The “new” FDA’s latest Draft Guidance suggests that the agency is arguably broadening the scope of pre-market clinical studies for investigational drugs. In its “Pharmacokinetics in Patients with Impaired Renal Function – Study Design, Data Analysis, and Impact on Dosing and Labeling,” March, 2010, the agency “provides recommendations on when studies should be conducted to assess the influence of renal impairment on the pharmacokinetics (‘PK’) of an investigational drug, the design of PK studies, and how such studies should be carried out.” The primary goal of such studies is “to determine whether the PK is altered to such an extent that the dosage should be adjusted from the dose(s) established in the phase 3 trials.”

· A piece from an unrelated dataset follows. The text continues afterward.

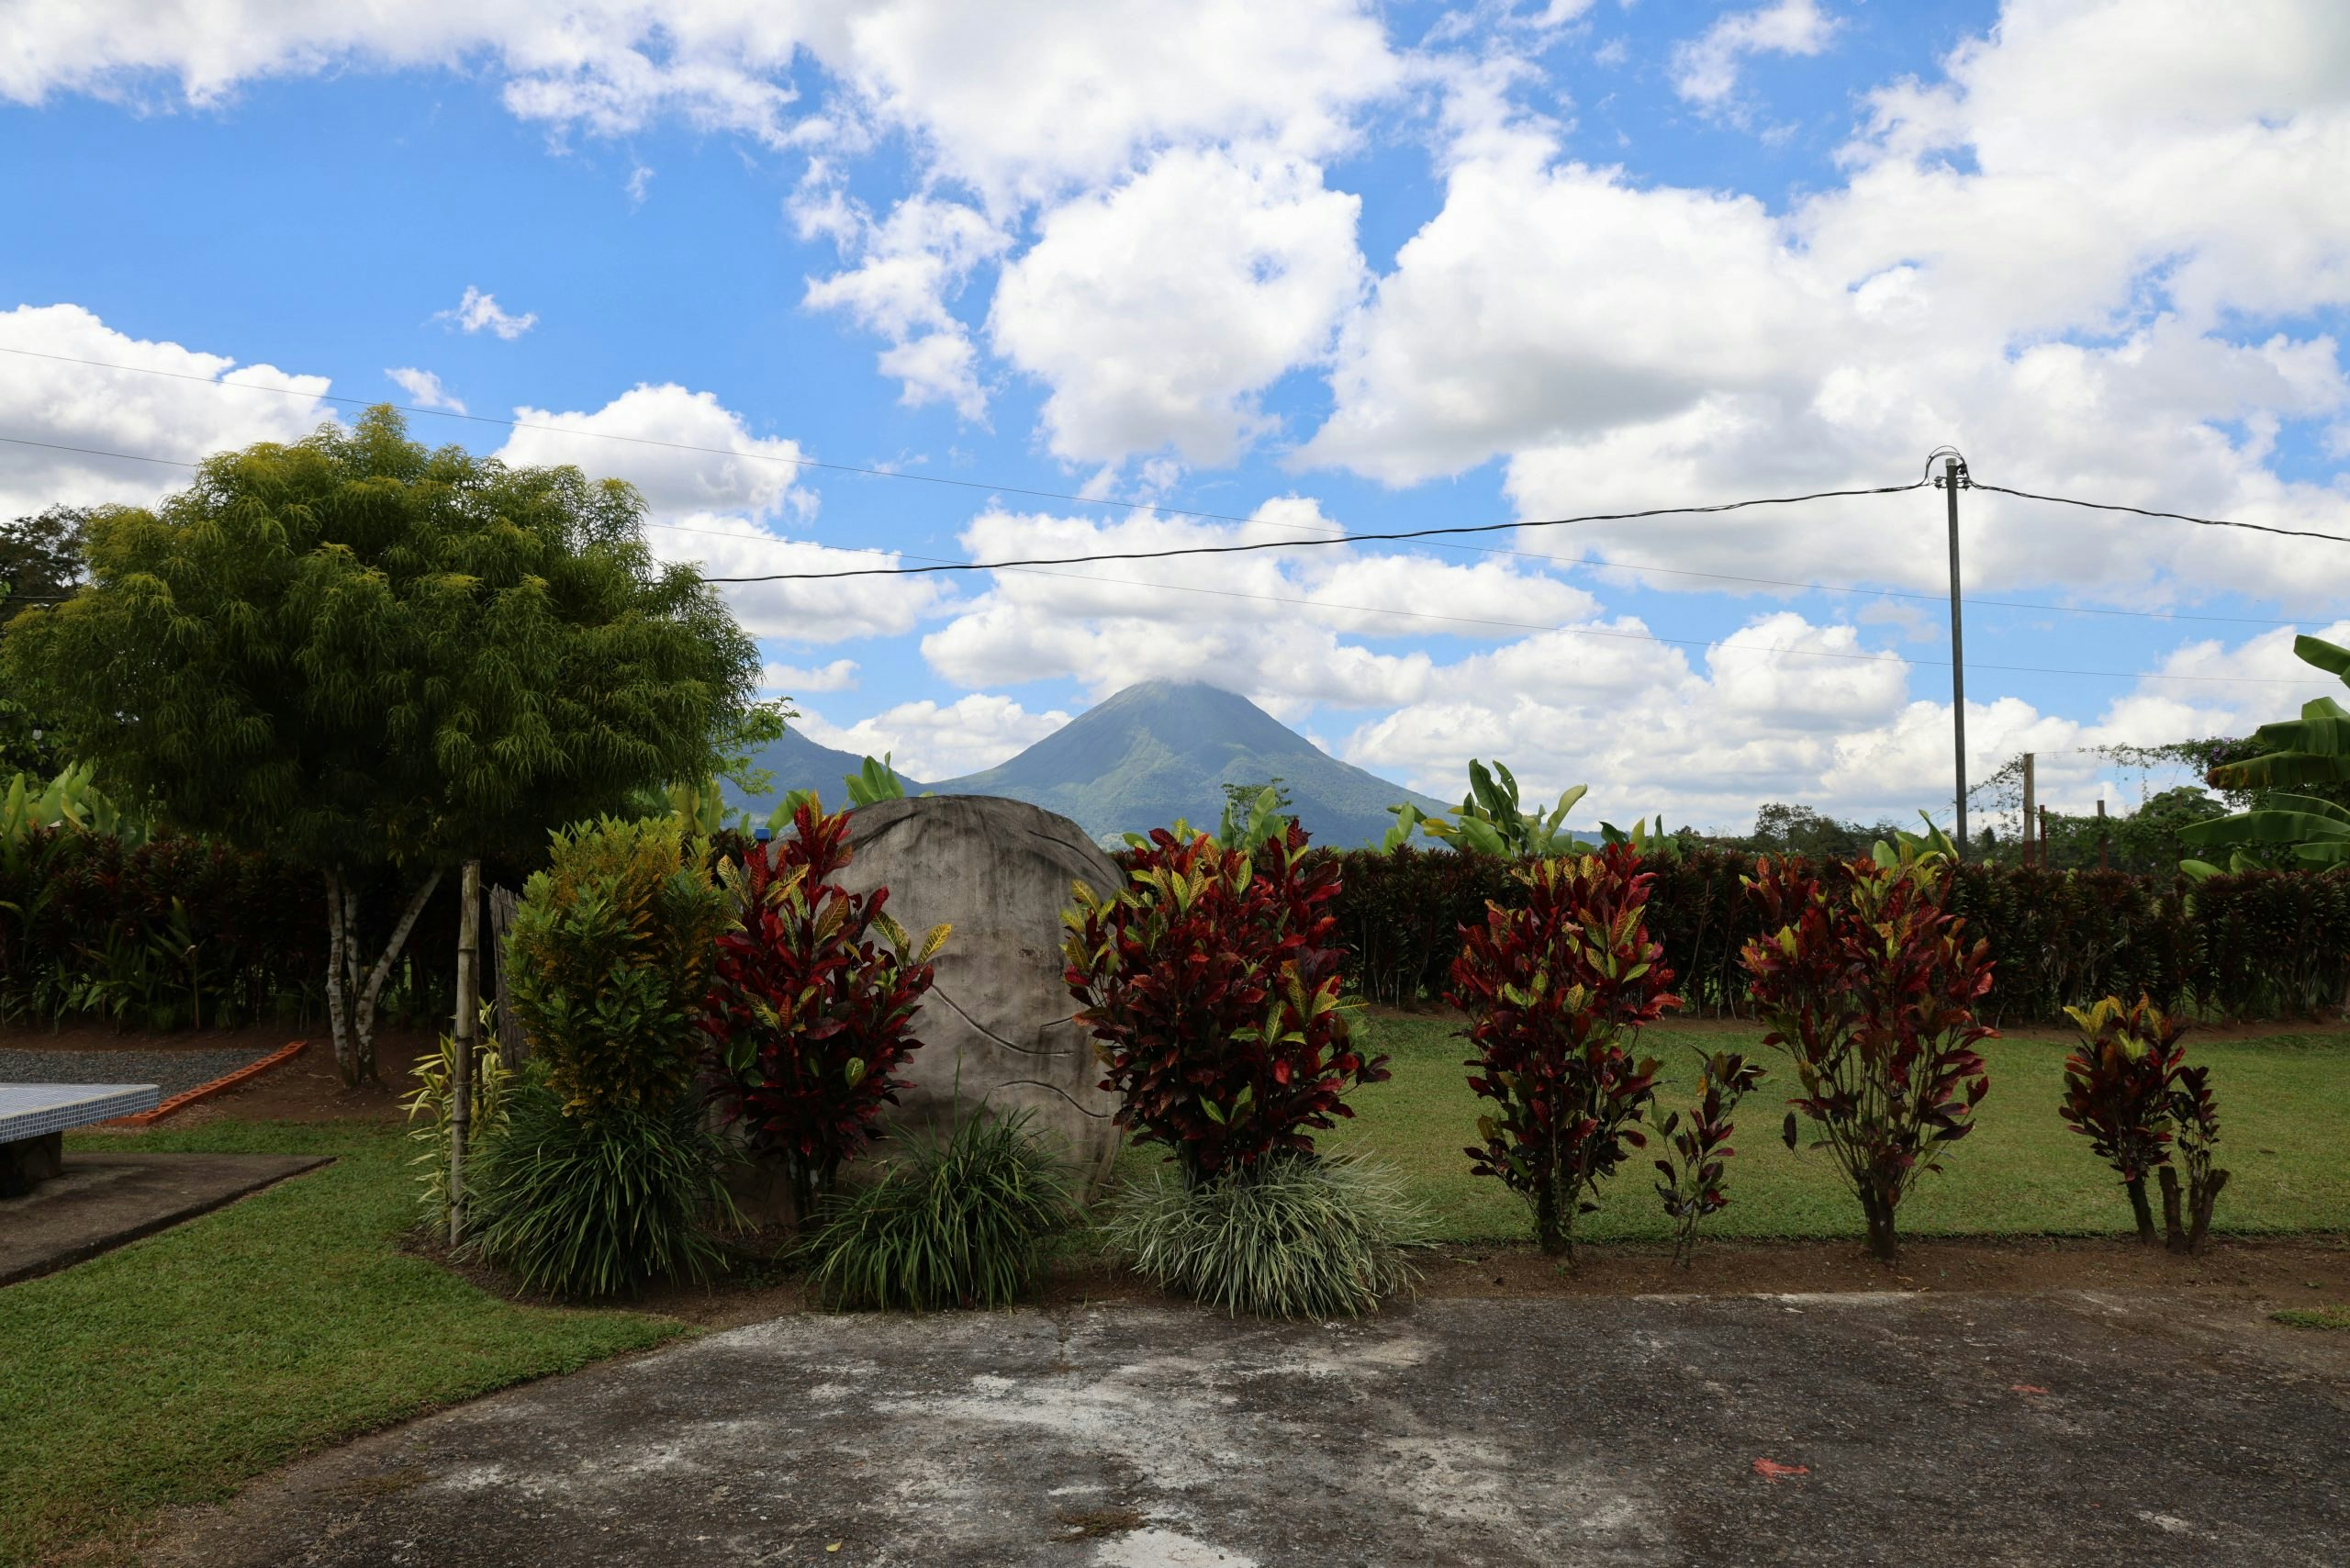 Costa Rica: Volcano and Rainforest Service

Pharmacokinetics refers to the effect of the body upon a drug – as distinct from pharmacodynamics, the effects of the drug upon the body. PK includes the drug’s mechanisms of absorption and distribution, the rate at which it acts and its duration of action, how the compound is metabolized, and the effects and routes of its excretion. Many drugs are excreted by the kidneys. Patients with renal insufficiency may excrete drug more slowly and/or less completely than patients with normal renal function. In kidney failure patients, the extent of protein binding – and hence of bioavailability, and hence of pharmacologic effect – may also vary. Making all the determinations and calculations called for in the new Guidance will require substantial time, effort, and expense. Given the rising prevalence of disorders that may be complicated by kidney failure, including hypertension and more especially diabetes, the burden of compliance with the Guidance is likely to increase over time.
The agency calls for PK studies on all drugs prescribed for chronic use in renal failure, and on some (antibiotics, e.g.) to be used only acutely. FDA also calls for such studies of therapeutic biologics (e.g. proteins) with molecular weight <69,000 to be used in kidney failure patients. For end-stage renal disease “patients undergoing dialysis, PK should be studied under both dialysis and non-dialysis conditions to determine the extent to which dialysis contributes to the elimination of the drug and potentially active metabolites.”

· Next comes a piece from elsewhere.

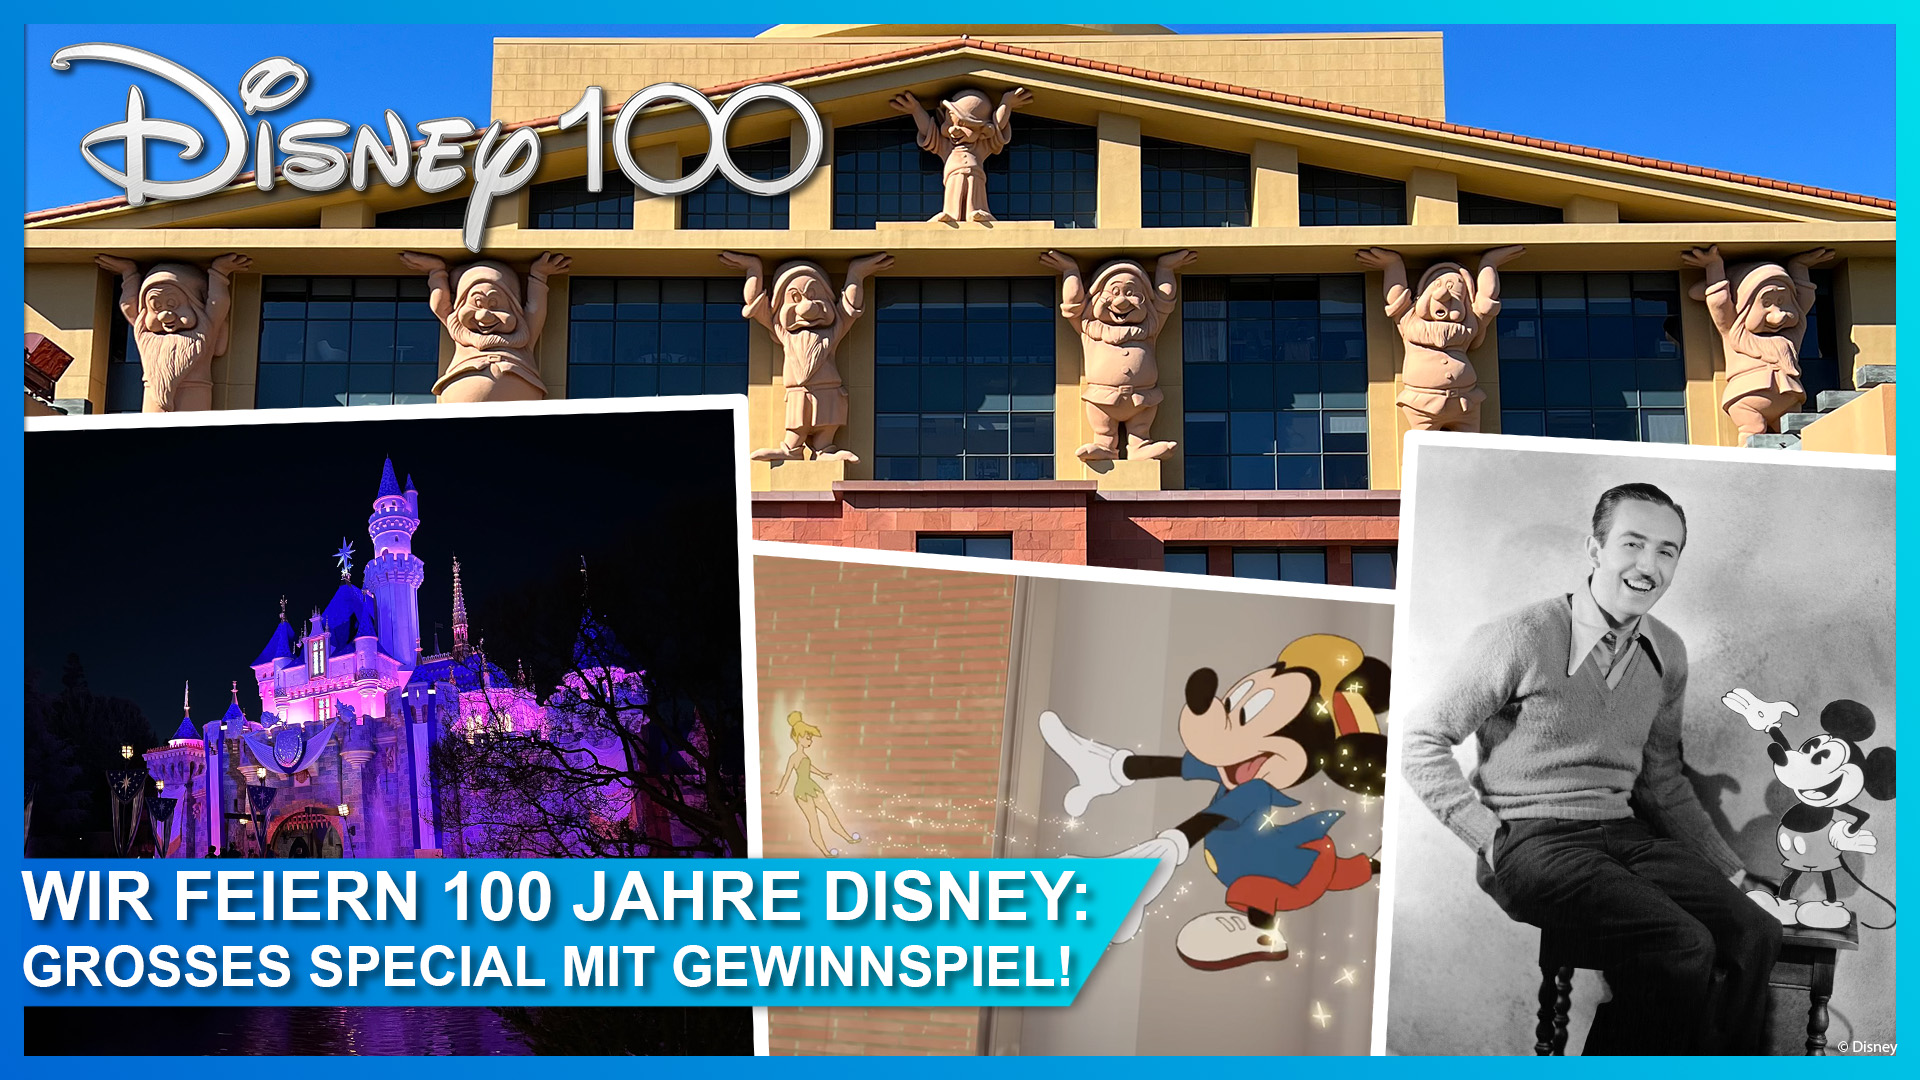 Wir feiern 100 Jahre Disney: Großes Disney100 Special mit Gewinnspiel

In discussing details of the studies it recommends, FDA specifies the make-up of the control group to use, what sorts of data it wants to see, and what to do to generate sufficient information on patients on both hemodialysis and peritoneal dialysis. Once these data are available, the agency wants them to be analyzed to ascertain what if any recommendations should be made for dosage modification in kidney failure patients. The agency calls for estimation of PK parameters, such as plasma and urinary concentrations, drug clearance rates, the area under the concentration-time curve, volumes of distribution, half-lives, etc.; mathematical modeling of the relationship between those parameters and measures of renal function; and development of dosing recommendations. “If there is a need for dosage adjustment in patients with renal impairment… the adjustments [should be] described either globally or based on estimated glomerular filtration rate (eGFR) or estimated creatinine clearance (CLcr).” These estimates are both measures of kidney function. The draft Guidance provides an array of formulas to make these calculations. For those pharmaceuticals or their active metabolites that “exhibit nonlinear or time-dependent PK,” FDA calls for a multiple-dose study, as opposed to single-dose studies, in which the same dose is administered to all patients.
Depending on what is learned from the data and from analyzing them, it may be appropriate to modify the package insert, including Highlights of Prescribing Information, the Contraindications section, or the Warnings and Precautions section, perhaps with a cross reference to the Dosage and Administration section. Where known, “the Overdosage section could note the extent of elimination by hemodialysis and whether hemodialysis is (or is not) known to be useful in treating an overdose.”
For drugs excreted by the liver rather than by the kidney, FDA may accept a “reduced PK study” of the drug’s metabolism. If no difference is observed between those with end-stage renal disease and those with normal kidney function, a full study is unnecessary. Otherwise, however, such a study is called for, even though the kidney’s metabolic role is comparatively modest.
As a draft Guidance, the document does “not establish legally enforceable responsibilities. Instead [it] describe[s] the Agency’s current thinking on a topic and should be viewed only as recommendations…” Nevertheless, the approach taken comports with other recent FDA changes suggesting enhanced scrutiny of new drug approvals. Companies should remain alert for other developments likely to affect their operations, as more are highly likely, and they may well continue to increase the stringency of the regulatory regime.